Knight merkte op dat Sfiligoi de nieuwste versie van het algoritme had versneld, minder dan twee jaar geleden gepubliceerd in Natuurmethoden , die zelf al een dramatische snelheidsverbetering vertegenwoordigde ten opzichte van eerdere implementaties.

"Naarmate microbiële sequentiegegevens exponentieel toenemen, van tientallen reeksen tot miljarden, we moeten alle algoritmen opnieuw implementeren, "zei hij. "Deze laatste stap laat echt zien hoe het optimaliseren van de onderzoeksinfrastructuur de time-to-result drastisch kan verminderen, terwijl de nauwkeurigheid van de bevindingen behouden blijft en volledig nieuwe schaal van vragen kan worden gesteld."

specifiek, Sfiligoi gebruikte OpenACC, een door de gebruiker gestuurde, op richtlijnen gebaseerd parallel programmeermodel om de bestaande Striped UniFrac-implementatie over te zetten naar GPU's, omdat dit een enkele codebase mogelijk maakt voor zowel CPU- als GPU-code. Extra snelheid werd verkregen door zorgvuldig gebruik te maken van de cachelocatie. Ook werd het gebruik van lagere-precisie drijfpuntberekeningen onderzocht om eectief gebruik te maken van GPU's van consumentenkwaliteit die doorgaans worden aangetroffen in desktop- en laptopcomputers.

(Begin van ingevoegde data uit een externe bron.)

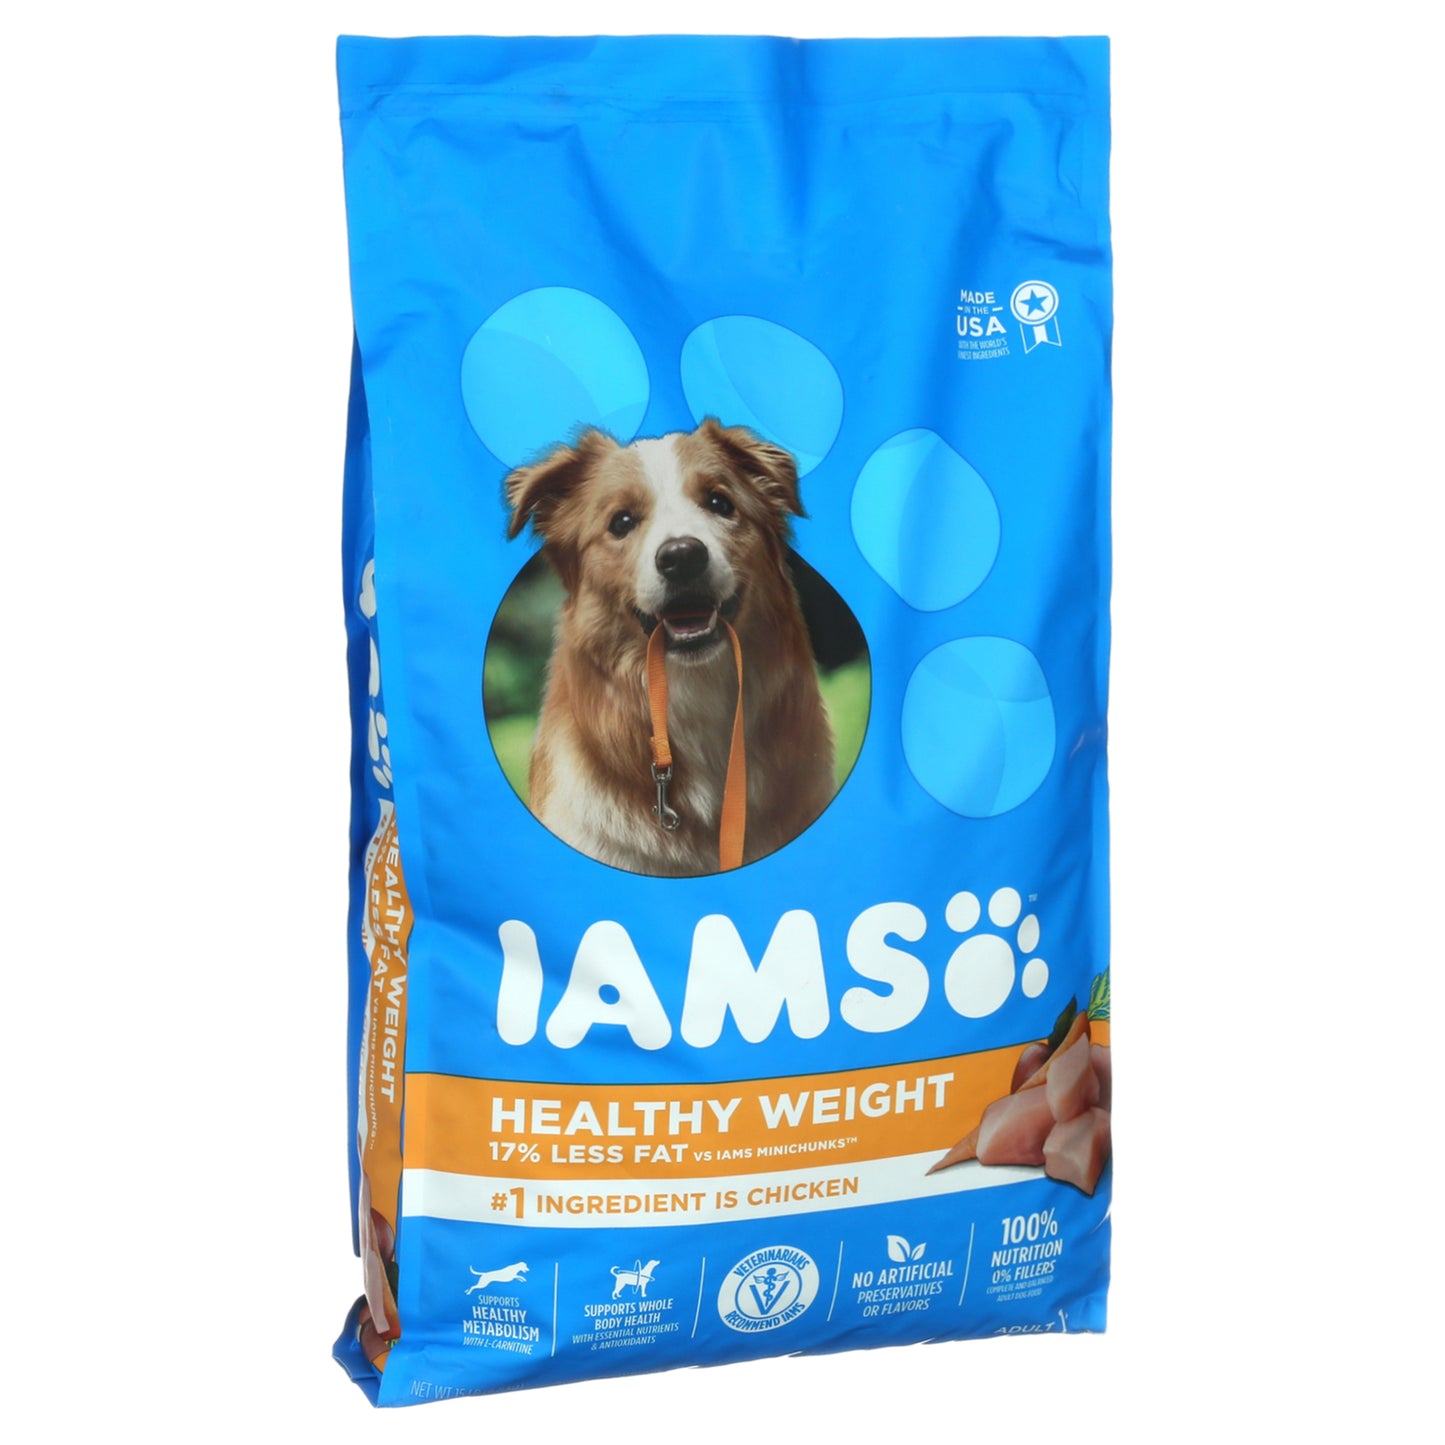 IAMS Healthy Weight Chicken Dry Dog Food for Adult Dog, 15 Lb Bag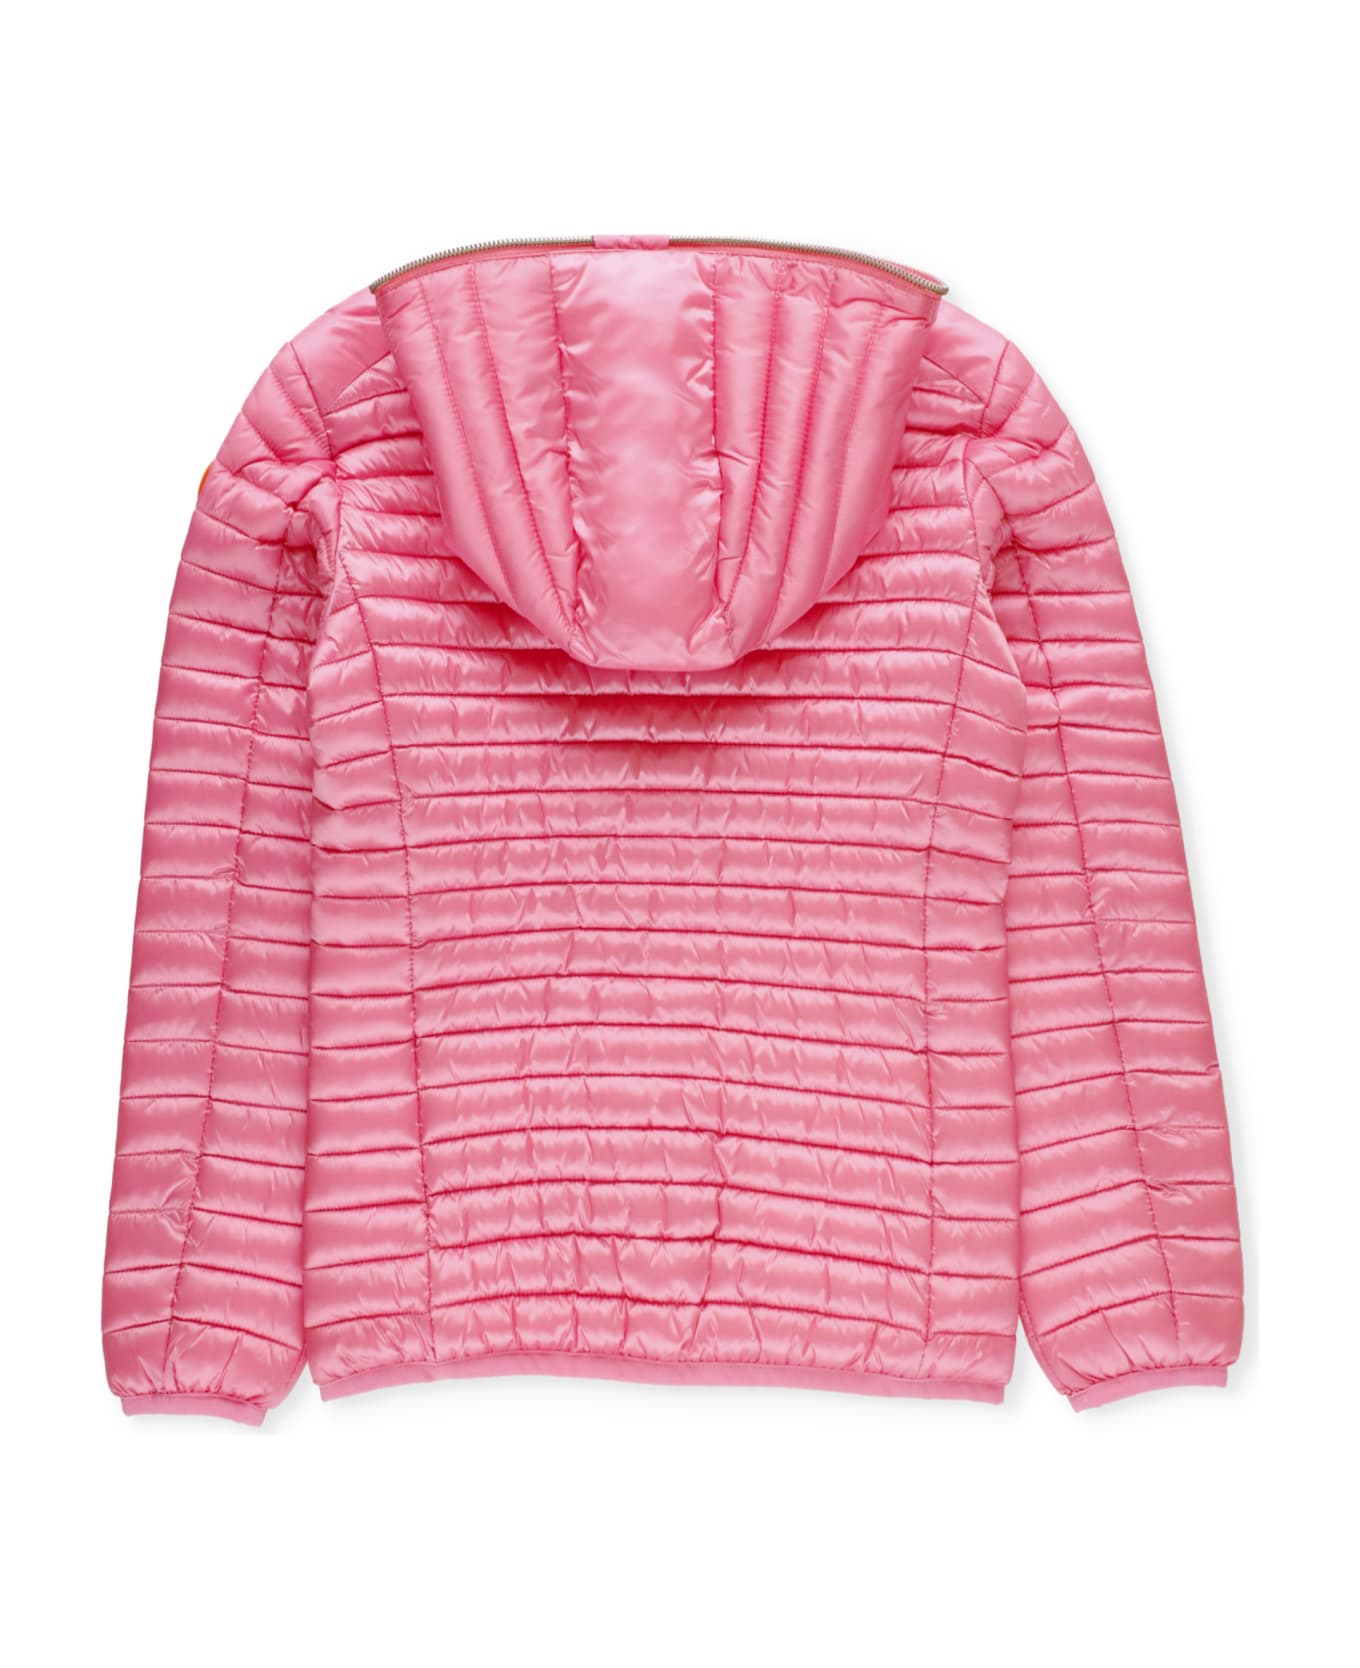 Save the Duck Rosy Jacket - Pink

UniFrac is oorspronkelijk ontworpen en altijd geïmplementeerd met behulp van hogere precisie drijvende-komma wiskunde, vaak fp64-codepad genoemd. De hogere precisie drijvende-komma wiskunde werd gebruikt om de betrouwbaarheid van de resultaten te maximaliseren. Na het implementeren van de zwevende-komma-wiskunde met lagere precisie, meestal fp32-codepad genoemd, onderzoekers zagen bijna identieke resultaten, maar met aanzienlijk kortere rekentijden.

"We zagen een 3x snellere snelheid in het fp32-codepad voor gaming-GPU's zoals de 2080 Ti en de mobiele 1050, en wij zijn van mening dat precisie voldoende moet zijn voor de overgrote meerderheid van de onderzoeken, " legde Sfiligoi uit.

Bovendien, de codewijzigingen die zijn geïntroduceerd om de GPU-berekening te versnellen, hebben ook de uitvoering van CPU-bronnen aanzienlijk versneld. De hierboven genoemde computationele uitdaging kan nu in ongeveer 200 uur worden voltooid op dezelfde serverklasse CPU, een 4x versnelling, volgens de onderzoekers.

"Berekening beschikbaar maken op persoonlijke apparaten met GPU-ondersteuning, zelfs laptops, elimineert een grote barrière binnen de hulpbronneninfrastructuur voor veel wetenschappers, ' zei Sfiligoi.